PMC Copyright notice

HSP47 promotes M2 microglial polarization and immunosuppression in brain metastatic niche

(A) Representative fluorescence-activated cell sorting (FACS) plots and quantification of CD206⁺CD11b⁺CD45^low and CD11c⁺CD11b⁺CD45^low cells in the mouse BrMs (mean ± SEM, n = 5 independent experiments, Student’s t tests). ∗∗∗p < 0.001.

(B) Mouse BrMs derived from 4T1-BMT5 cells were double stained with anti-HSP47 and anti-CD206 antibodies. Representative images are shown. Scale bars, 100 μm. The density of CD206⁺ cells in each microscope filed was counted (mean ± SEM, n = 6 randomly selected fields, Student’s t tests). ∗∗∗p < 0.001.

(C) Representative FACS plots and quantification of CD8⁺CD3⁺CD45⁺ cells in the mouse BrMs derived from 4T1-BMT5 cells. Results are presented as mean ± SEM of n = 5 independent experiments, Student’s t tests. ∗∗∗p < 0.001.

(D) LLC1-BMT5 cells expressing HSP47 shRNAs were intracardially injected into mice. Mice were then injected intraperitoneally with a CD8α monoclonal antibody (mAb; 100 μg/mouse) or immunoglobulin G2b (IgG2b) (100 μg/mouse). Representative BLI images and quantification of BLI photon fluxes in the brain are shown (mean ± SD, n = 8 mice for each group, two-sided Mann-Whitney test). ∗∗∗p < 0.001.

(E) Mice intracardially injected with 4T1 or LLC1 cells expressing HSP47 were kept on a standard diet or fed with PLX3397 (290 mg/kg) for 3 weeks. Representative BLI images are shown. BLI photon fluxes in the mouse brain were quantified (mean ± SD of n = 8 mice for each group, two-sided Mann-Whitney test). ∗p < 0.05 and ∗∗p < 0.01.

(F) H&E staining of BrMs in mice. Scale bars, 200 μm. Large metastases are >300 mm on the longest axis (mean ± SD of n = 8 mice, Student’s t test). ∗p < 0.05 and ∗∗p < 0.01.

(G) The percentages of mice forming brain or bone metastases were quantified.

(H) Representative FACS plots and quantification of CD11b⁺CD45^lowcells in mouse BrMs (mean ± SEM, n = 5 independent experiments, Student’s t tests). ∗∗∗p < 0.001.

(I) Representative FACS plots and quantification of CD8⁺CD3⁺CD45⁺ cells in mouse BrMs (mean ± SEM, n = 5 independent experiments, Student’s t tests). ∗∗∗p < 0.001.

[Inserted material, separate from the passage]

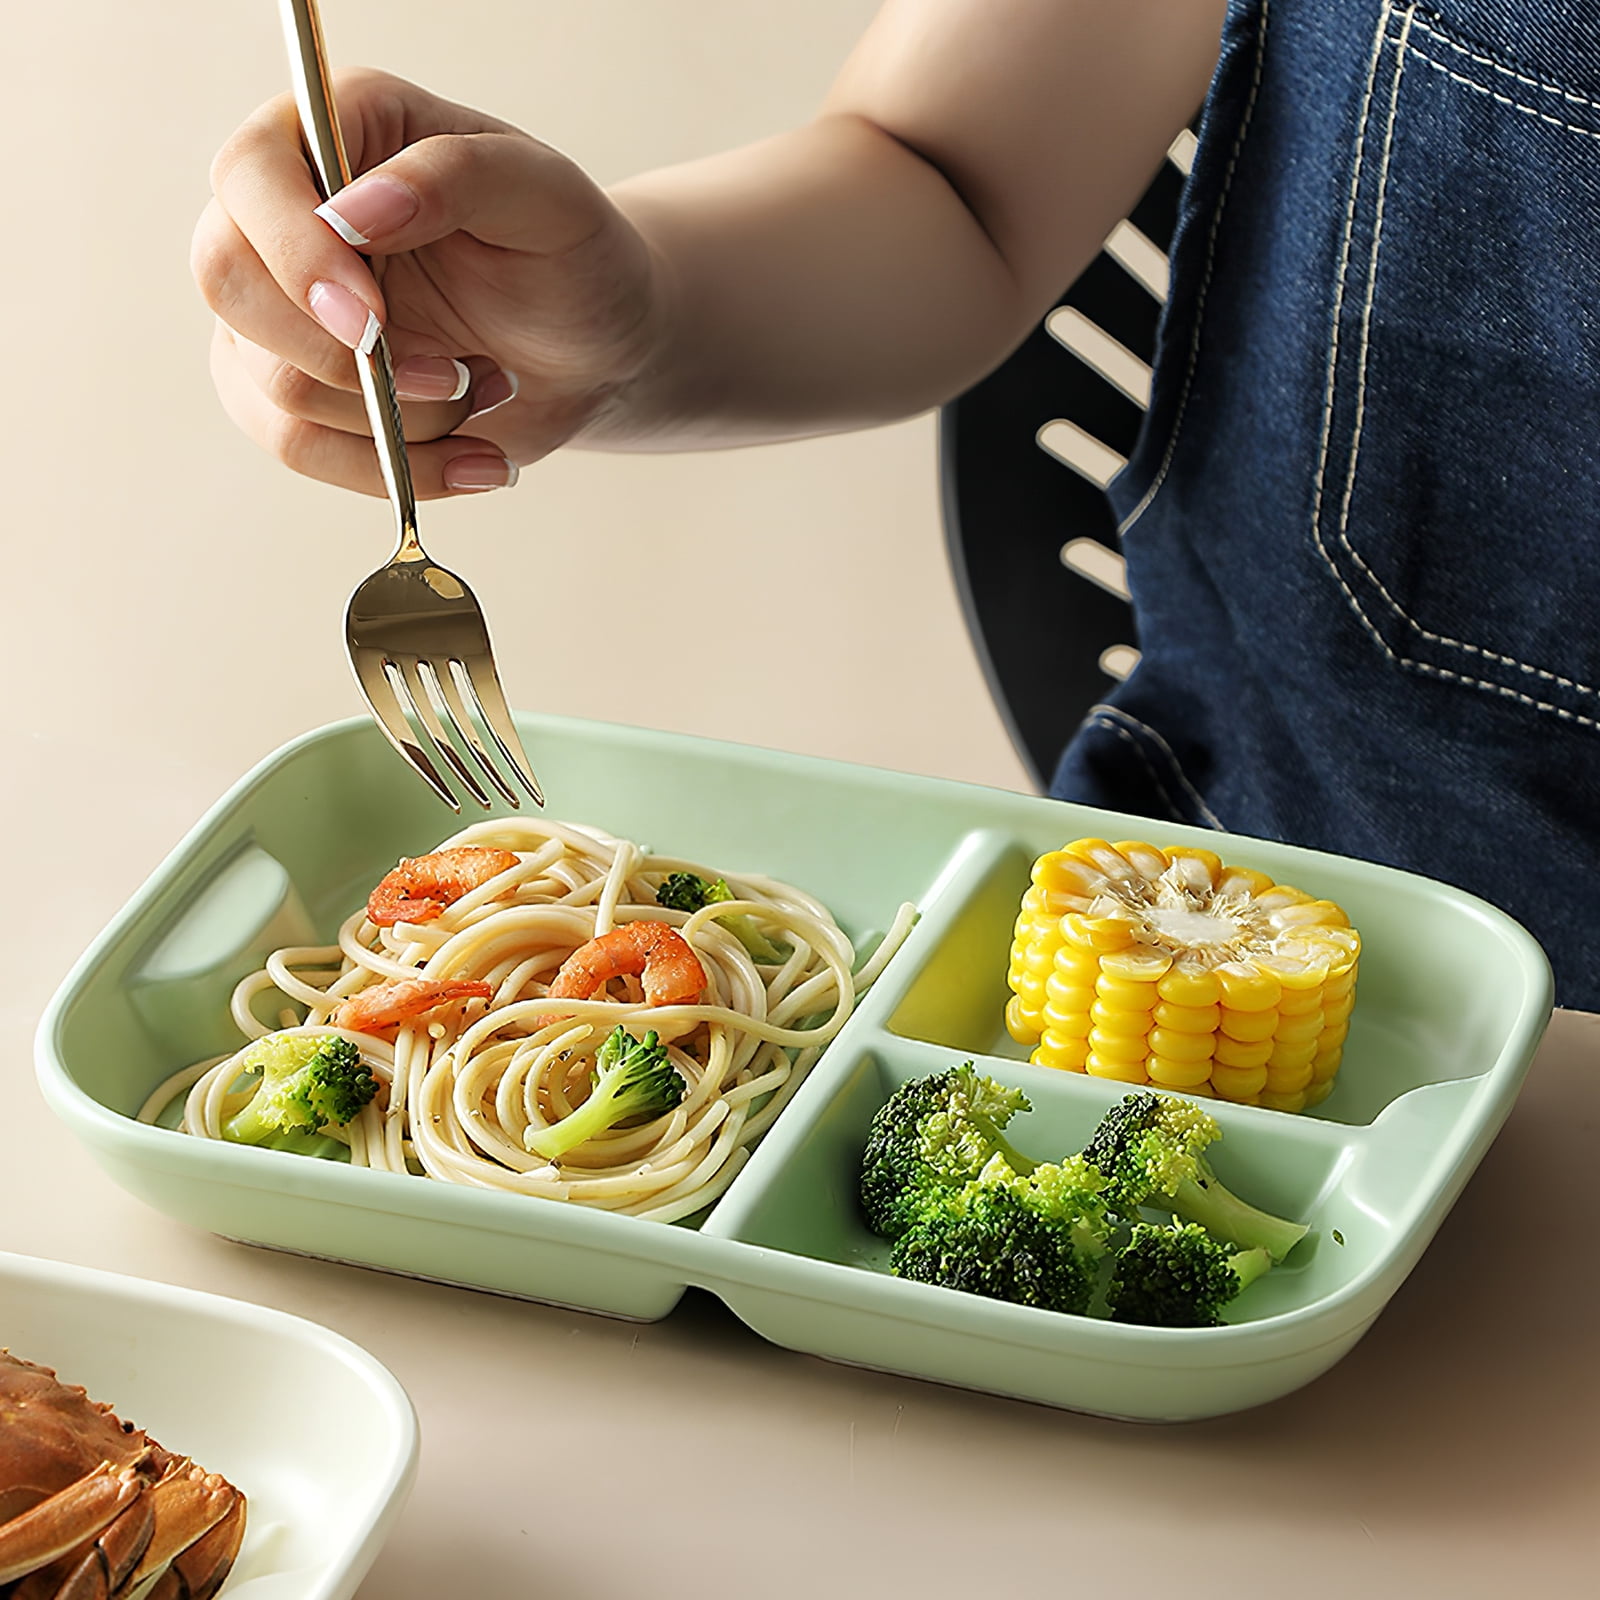 Best Deal for UPKOCH Divided Plates with Dividers Ceramic Lunch Trays

(J–M) The populations of Ki67⁺, CD69⁺, granzyme B (GZMB)⁺, interferon (IFN)-γ⁺, and TNF-α⁺ CD8⁺ T cells and CD25⁺FOXP3⁺CD4⁺ Tregs in (I) were quantified (mean ± SEM, n = 5 independent experiments, Student’s t tests), respectively. ∗∗∗p < 0.001.

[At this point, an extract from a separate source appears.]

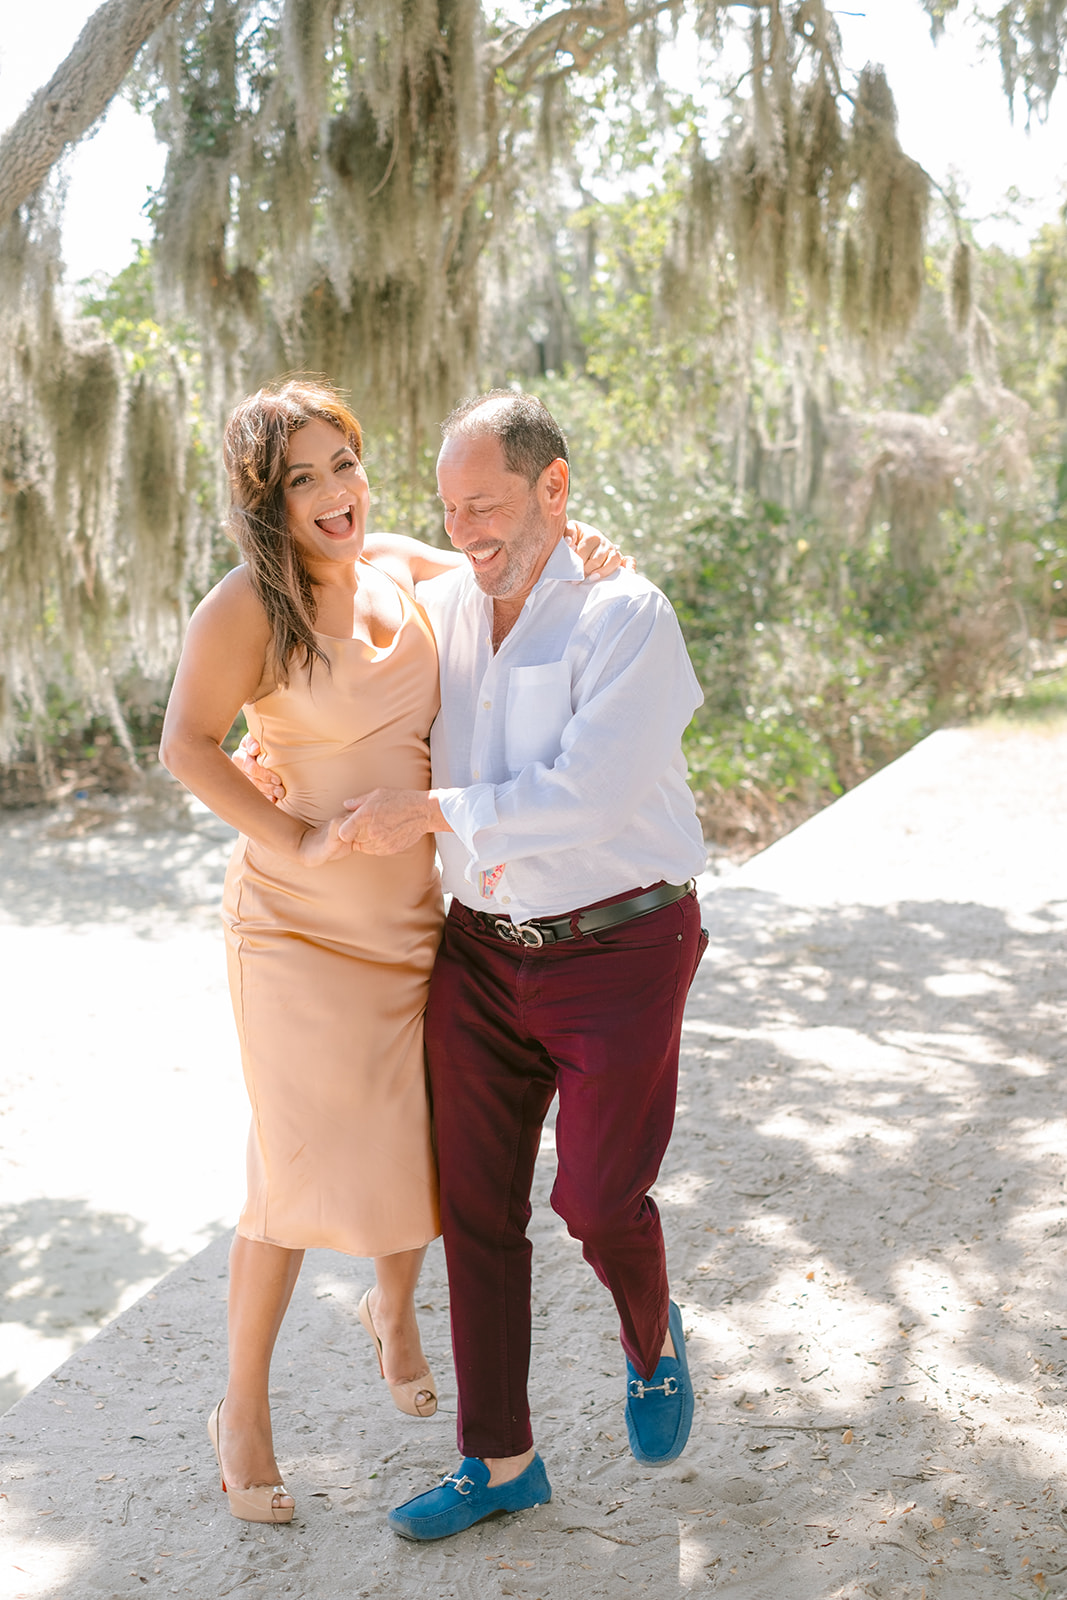 Playful Tampa Engagement Session

(N) Immunofluorescence (IF) co-staining of HSP47 and CD206 in brain metastatic lesions of patients with breast cancer. Representative images of two tumors are shown. Scale bars, 100 μm. The expression correlation between HSP47 and CD206 was analyzed (n = 10 randomly selected fields, Pearson correlation coefficient).